That's fairly broad, but thanks for the question. It's really critical.
One of the challenges we face as farmers is that the Canadians we would like to employ typically do not live where the farms are. That's one of the first challenges we have. We don't have a lot of people available locally. The seasonal agricultural worker program, which was started here, has been around for over 50 years. It recognized that. Previously we had waves of immigrants come to this country, and typically they would go and work on farms. As they got older and retired, their children typically worked in town. We haven't had that in quite some time.
We're accessing every group in society we can in farms—women on farms, the indigenous community where they're nearby and localized. That's one of the things CAHRC has done. We've also worked with the organizations that are bringing in immigrants, trying to let them know that there are some good jobs on farms, and also with youth. This is one of the big concerns we have with these proposed changes. The group we are trying to attract back to the farm is generally the 18- to 24-year-old group.
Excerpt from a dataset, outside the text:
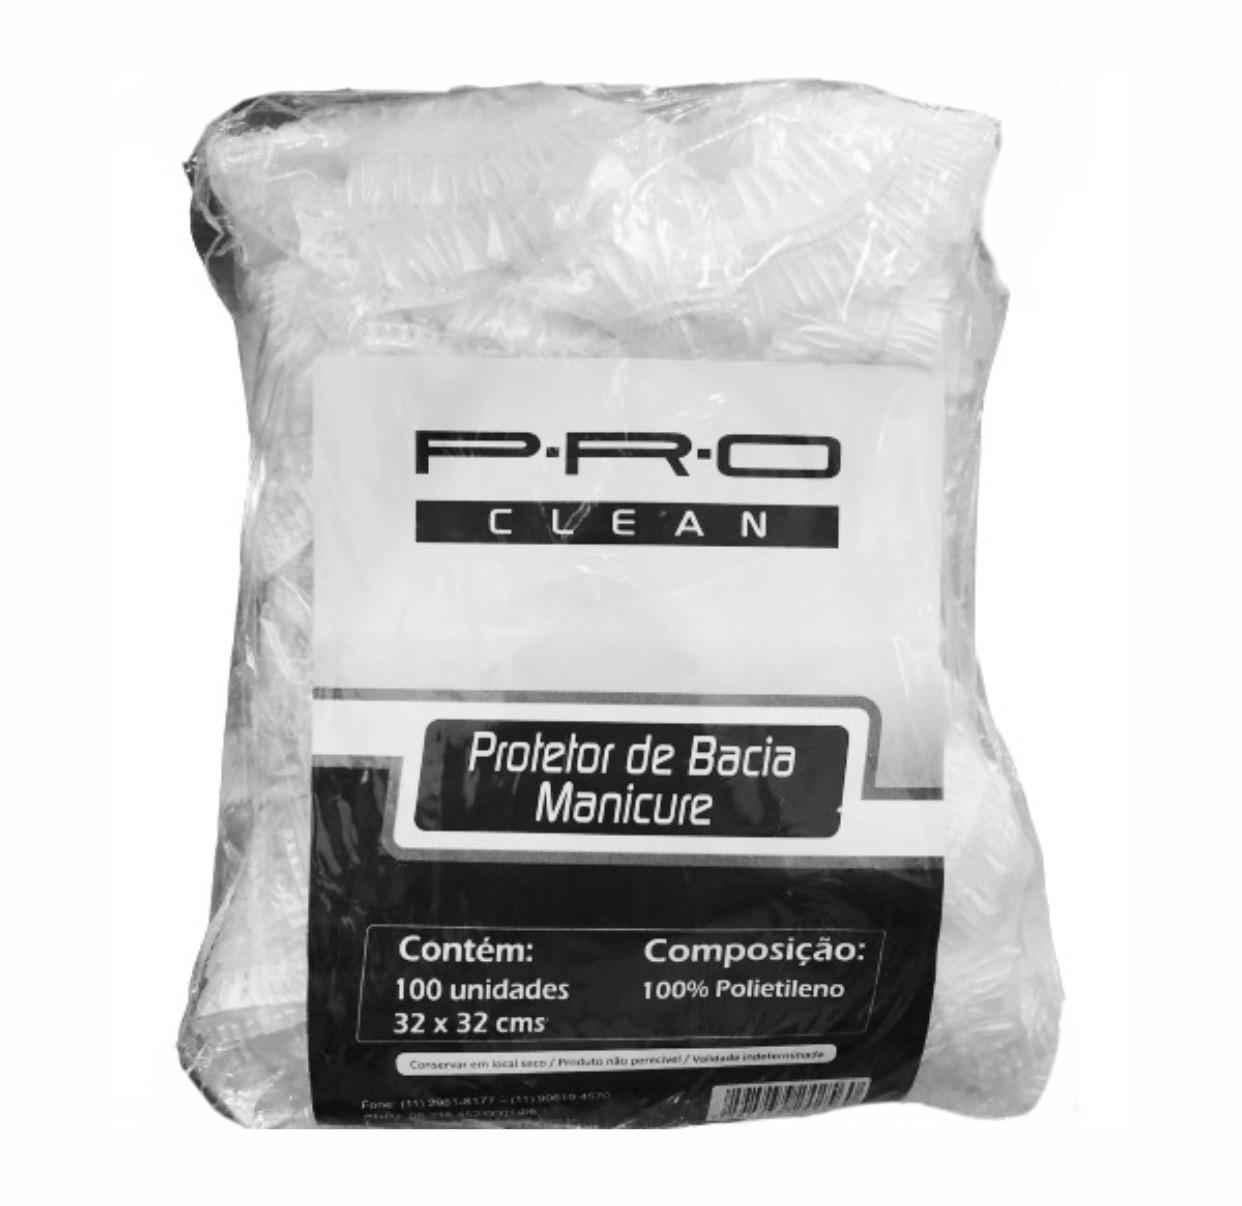 PRO Clean Protetor de Bacia Para Manicure

That aspect of the reasonableness test has us really concerned. Typically on a farm operation you may have no employees except at harvest time and planting time. Those are probably the two key periods in most farming operations. You may need the kids to come home. You may be working around the clock. You may be working under weather restrictions. You may have no employees the rest of the time, and yet the comment we've heard from Finance is that the expectation will be that if an 18- to 24-year-old is going to get remuneration, as dividends or whatever, they'll have to be employed kind of Monday to Friday or on a full-time basis year-round. That's not the farm type of employment. We are very seasonal, oriented to a very specific time period.
That's a challenge that we face. The intergenerational transfer issue obviously is huge, because probably three-quarters of those 220,000 farms change hands routinely. We're probably the one sector of the economy where that's the greatest issue. Most farmers are not getting any younger: $50 billion in farm assets is going to need to change hands in the not-too-distant future.